Charles Leclerc edges Lando Norris in practice after two red flags in Abu Dhabi
PA
Leclerc saw off Norris by just 0.043 seconds, with Max Verstappen third, 0.173 sec off the pace
Ferrari’s Charles Leclerc edged out Lando Norris in practice for the Abu Dhabi Grand Prix which was red-flagged on two occasions.
A combined 30-minute delay wiped out half of the one-hour session after Carlos Sainz and Nico Hulkenberg both crashed out.
Leclerc saw off Norris by just 0.043 seconds, with Max Verstappen third, 0.173 sec off the pace. George Russell and Lewis Hamilton finished sixth and eighth respectively for Mercedes.
A week after he smashed into a loose drain cover in Las Vegas, Sainz was in the wars again, but on this occasion it was through driver error.
Sainz – who appeared to be put off by another car arriving from the pits – lost control of his machine through turn three and ended up in the barrier.
Although the Spaniard was unharmed in the high-speed smash – with the running just eight-and-a-half minutes old – he sustained significant damage to his car; with the sidepods, floor, rear suspension and front wing of his Ferrari all destroyed.
Leclerc saw off Norris by just 0.043 seconds
Sainz’s impact also left the barrier in a mess and a 22-minute delay ensued as the tyre wall was repaired.
But only moments after the running re-started, the red flag was out again – this time after Nico Hulkenberg crashed on the exit of turn one.
On cold tyres, the German was too hasty on the throttle, sliding into the barrier before stopping in his wounded machine.
The stoppages arrived as a blow to half the grid who sat out the opening session as 10 rookie drivers were blooded at the Yas Marina Circuit.
Mercedes are looking to hang on to second in the constructors’ championship and are only four points ahead of Ferrari with one race to go.
And the troubled team will be alarmed by Leclerc’s speed as the Monegasque, on pole position in Las Vegas, topped the order.
Russell finished three tenths adrift of Leclerc while Hamilton, who made way for the team’s Danish junior driver Frederik Vesti in the opening running, was half-a-second back.
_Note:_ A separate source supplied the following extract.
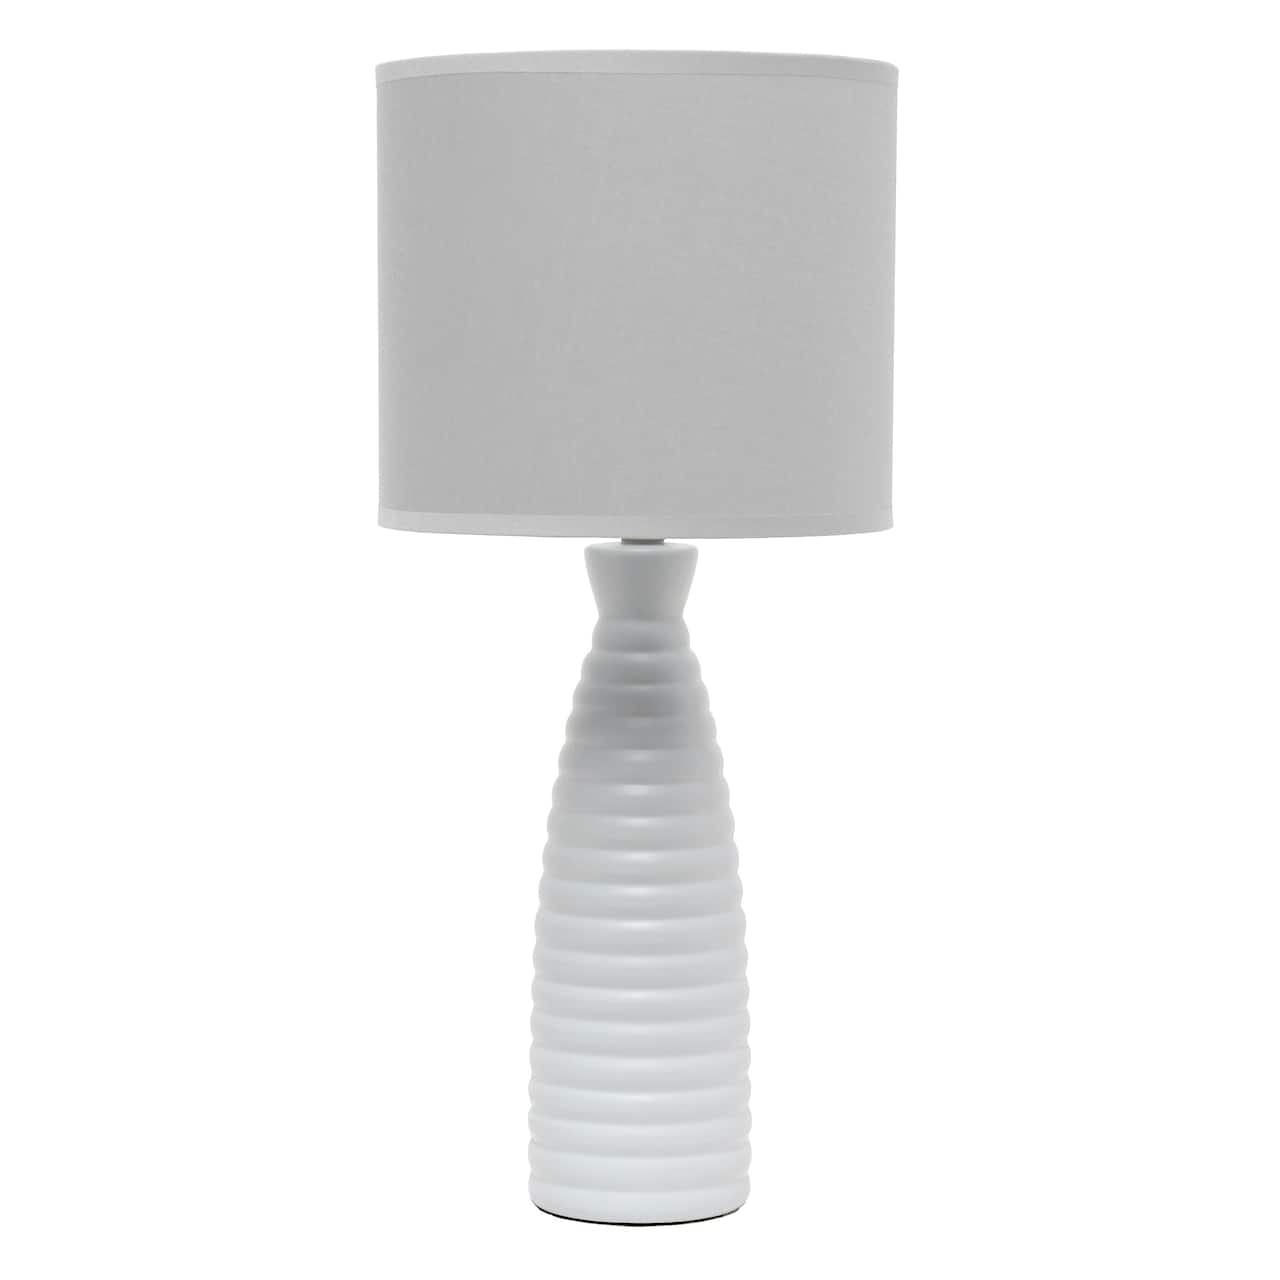 Simple Designs Alsace Bottle Table Lamp

Mercedes’ sluggish pace also leaves the grid’s once-dominant team facing up to a winless season – their first since 2011.
In the day’s first running, British drivers Zak O’Sullivan, 18, and Jake Dennis, 28, made their Formula One weekend debuts for Williams and Red Bull respectively.
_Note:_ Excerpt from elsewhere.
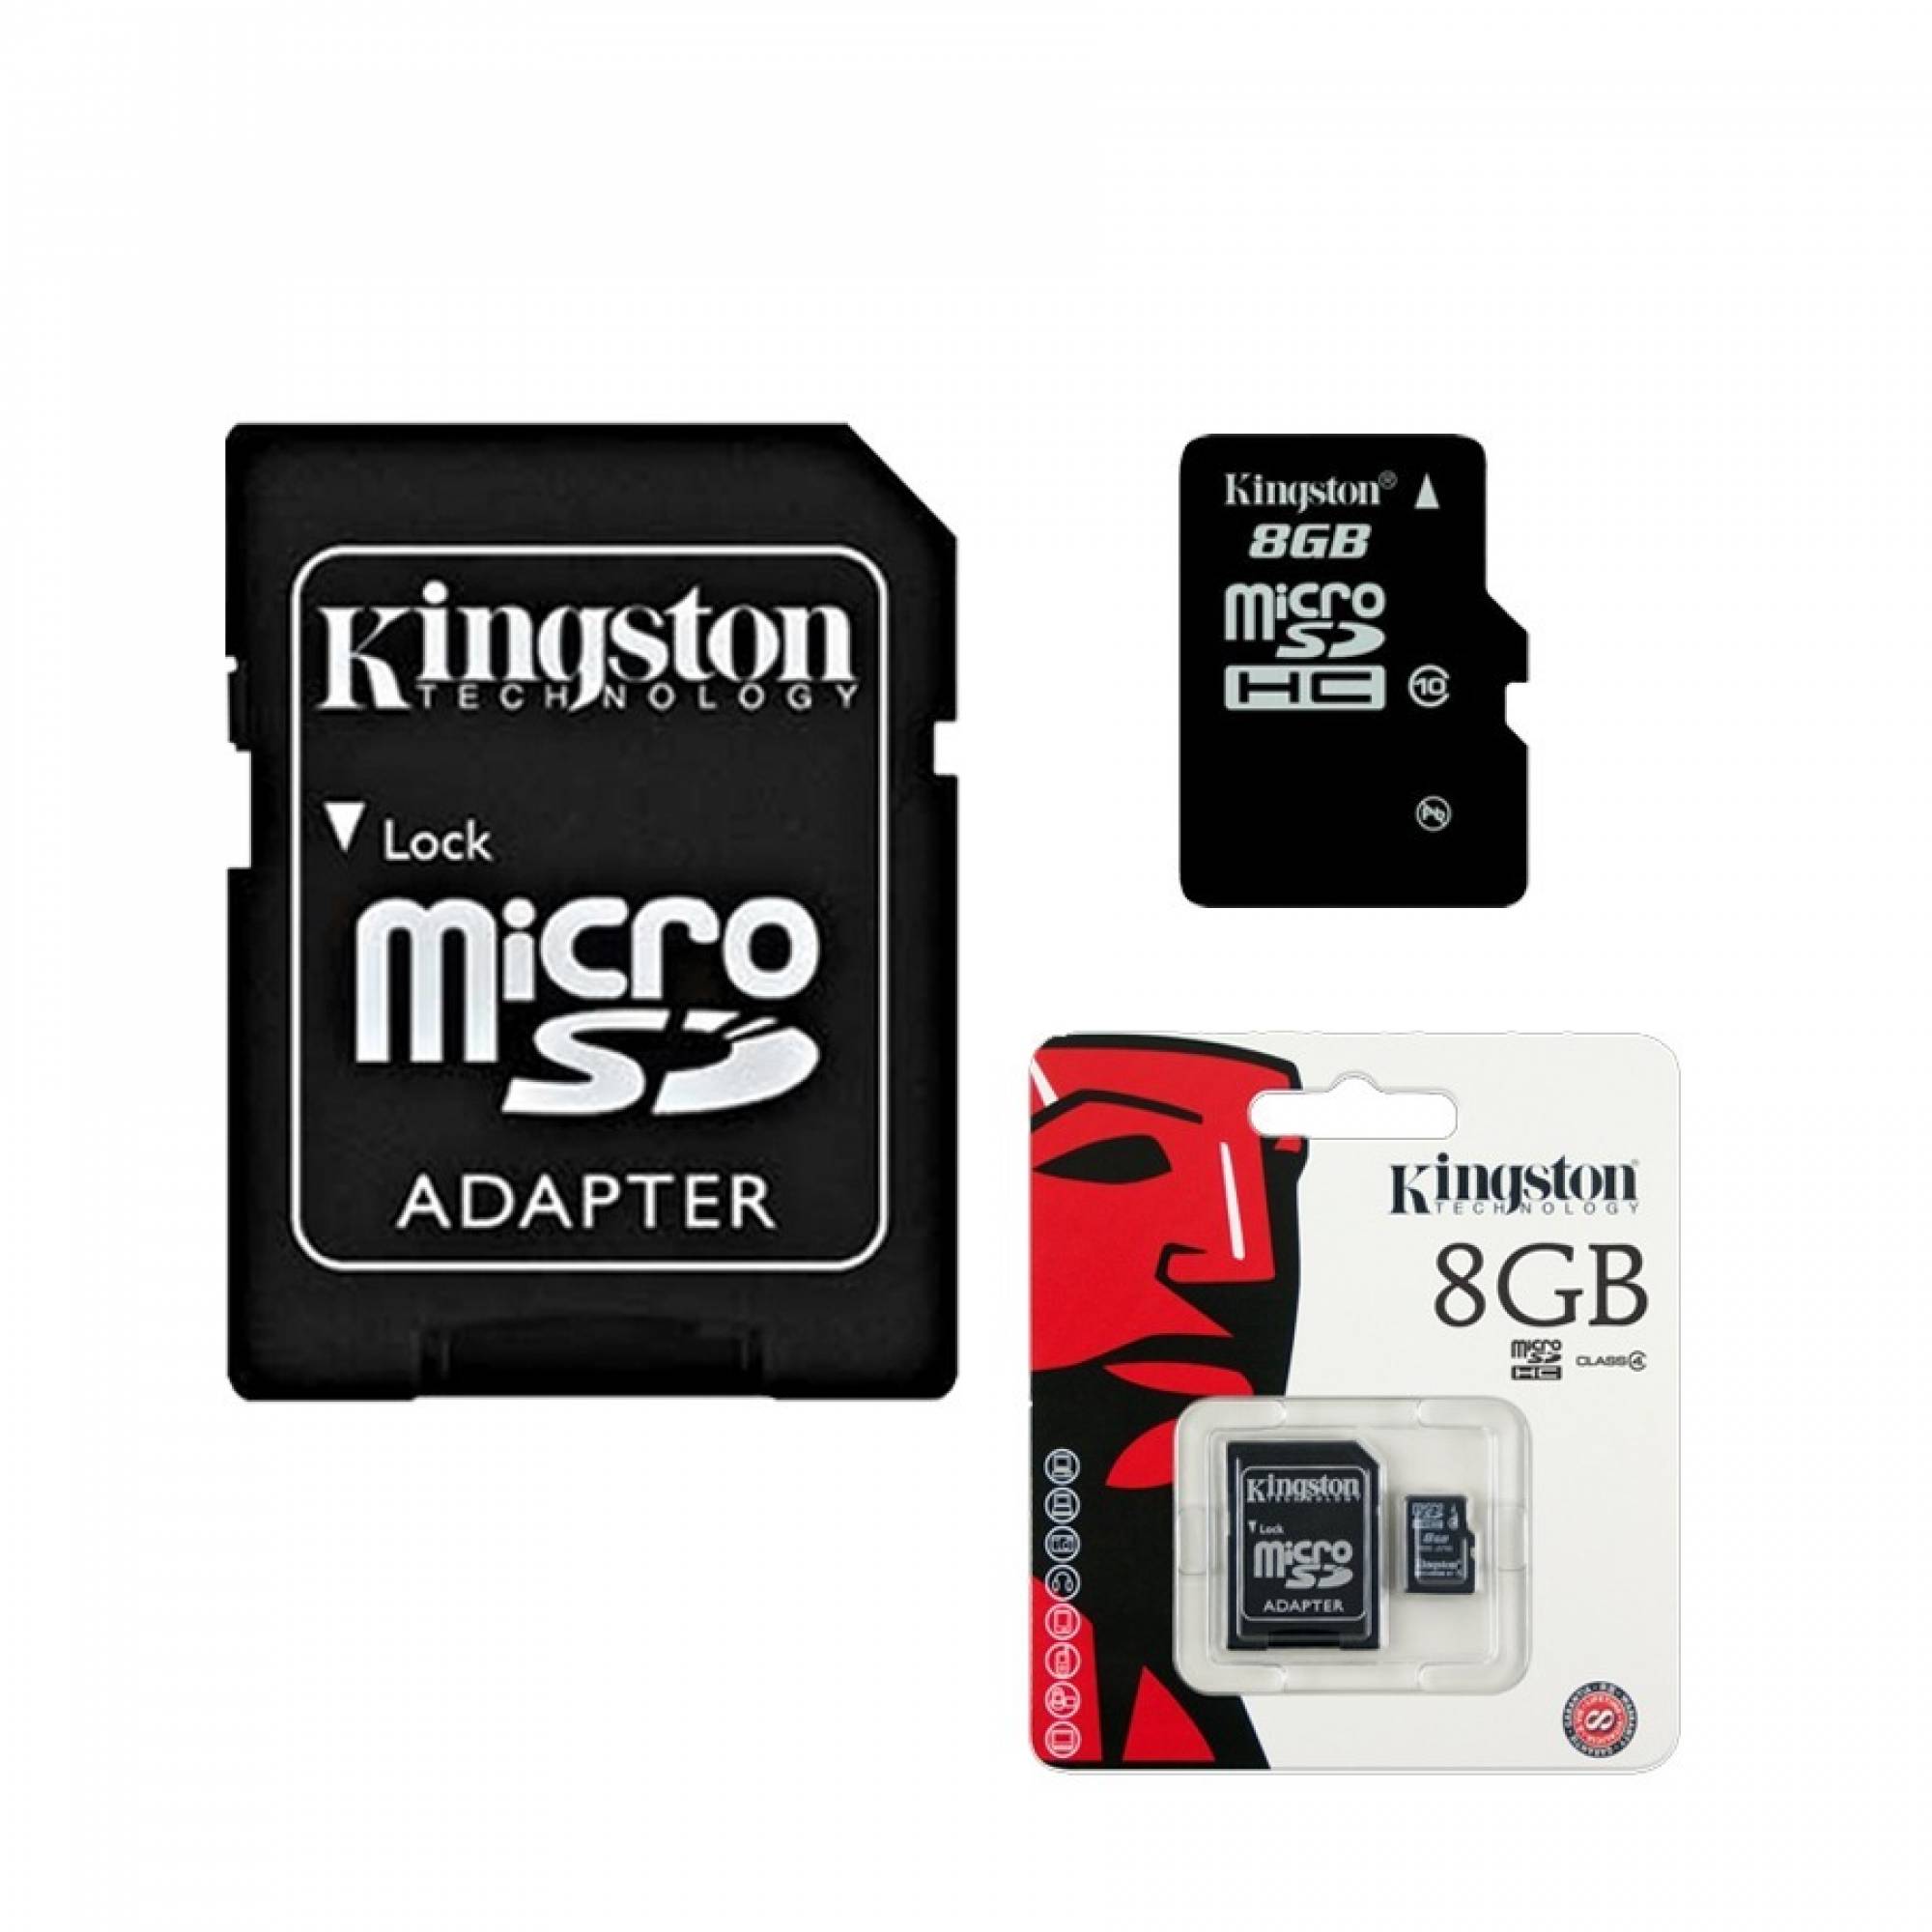 Рейтинг микро сд. Kingston MICROSD Adapter. Микро СД 8 ГБ. Адаптер микро СД на СД. MICROSD 8gb.

Ollie Bearman, 18, who in Mexico became the youngest British debutant at a Grand Prix, was handed his second practice appearance by Haas.
Dennis, in Verstappen’s Red Bull machine which Hamilton has described as the fastest ever seen in F1, finished 16th of the 20 runners, 1.1 sec off the pace.
O’Sullivan was 18th – seven tenths behind Williams’ Logan Sargeant – with Bearman 20th and last, albeit only a tenth slower than Kevin Magnussen in the other Haas.